**Question:**

In a certain mathematical activity, we have five cards with five different prime numbers on them. We will distribute these five cards among three envelope: all could go in any envelope, or they could be broken up in any way among the envelopes. Then in each envelop, we find the product of all the cards in that envelope: that is the “number” of the envelope. An envelope containing no cards has the number 1. We then put the three envelope numbers in order, from lowest to highest, and that is our set.
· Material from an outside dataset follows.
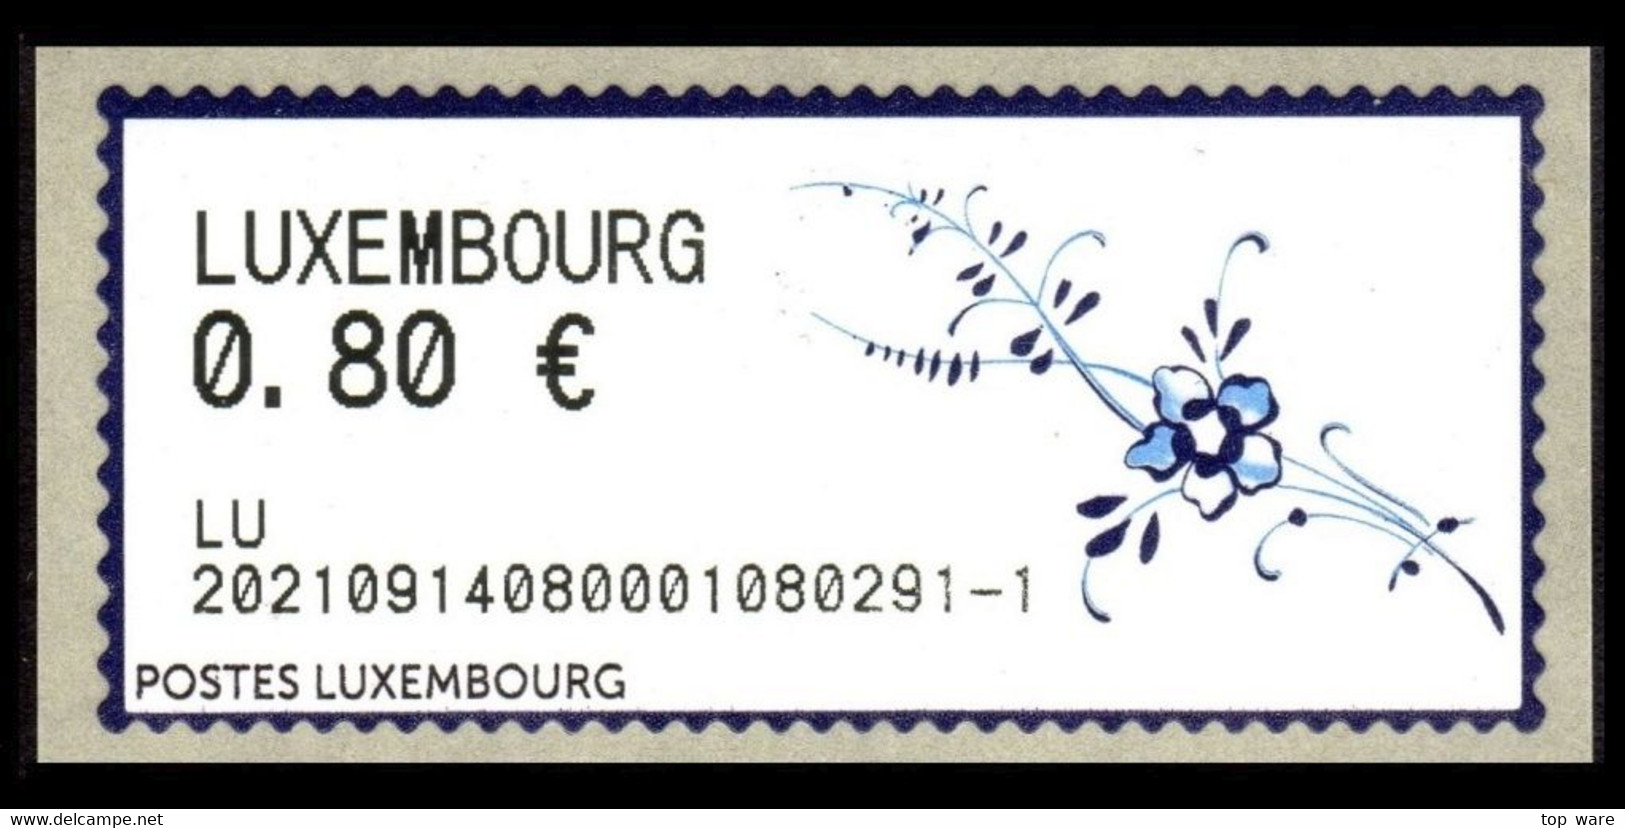 Luxemburg Luxembourg Timbres ATM 1-9 / Automatenmarken 1983-2021 komplett, postfrisch / distributeurs etiquetas
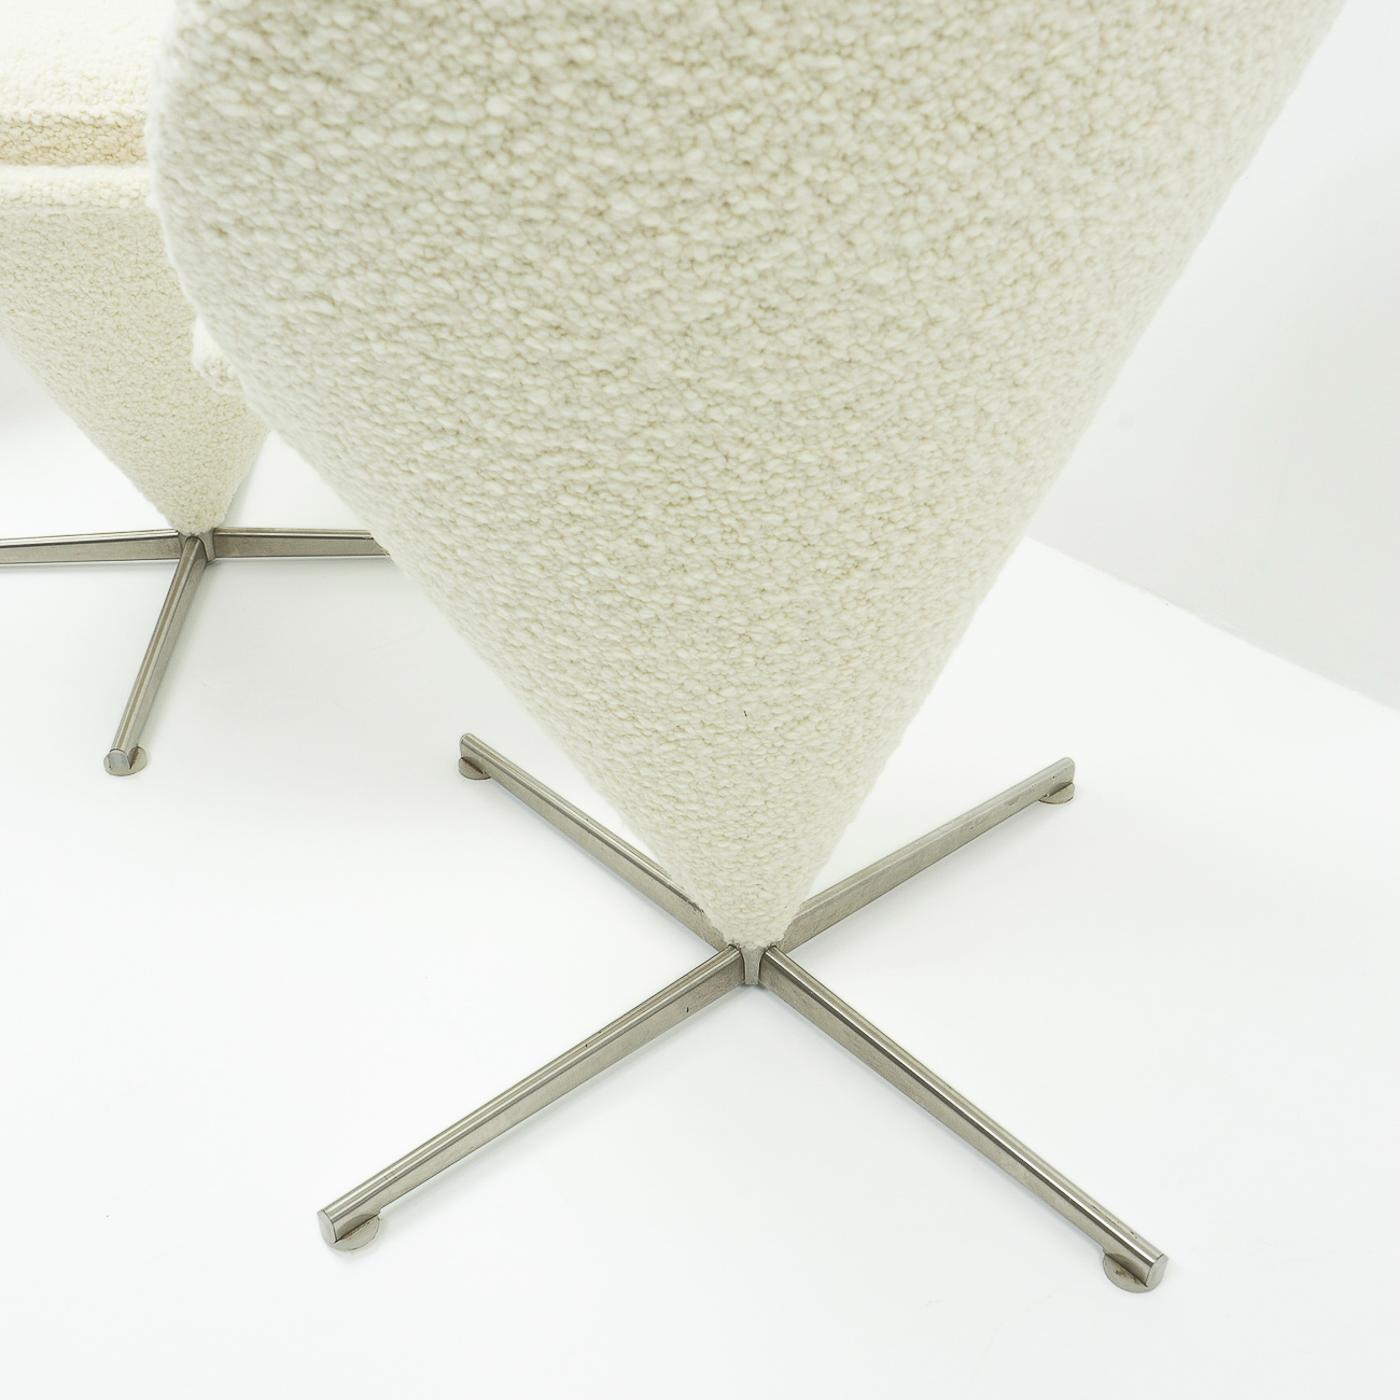 Design Classic Verner Panton Cone Chairs, Vitra, 2000er Jahre (Metall) im Angebot

How many different sets can be produced by this process?

A. 41

B. 89

C. 125

D. 243

E. 512

**MBA Wisdom's Answer:**

$$\text{Let's consider the different cases:}$$ $$\text{Case 1: 5-0-0}$$ $$\text{Possibilities} = \text{5C5} = {1}$$ $$\text{Case 2: 4-1-0}$$ $$\text{Possibilities} = \text{5C4} = {5}$$ $$\text{Case 3: 3-2-0}$$ $$\text{Possibilities} = \text{5C3} = {10}$$ $$\text{Case 4: 3-1-1}$$ $$\text{Possibilities} = \text{5C3} = {10}$$ $$\text{Case 5: 2-2-1}$$ $$\text{Possibilities} = {{\text{5C2} \times \text{3C2}} \over {2!}} = {{\left({10}\right) \left({3}\right)} \over {2}} = {15}$$ $$$$ $$\text{Total numbet of sets:} = {1} + {5} + {10} + {10} + {15} = {41}$$

**A. 41**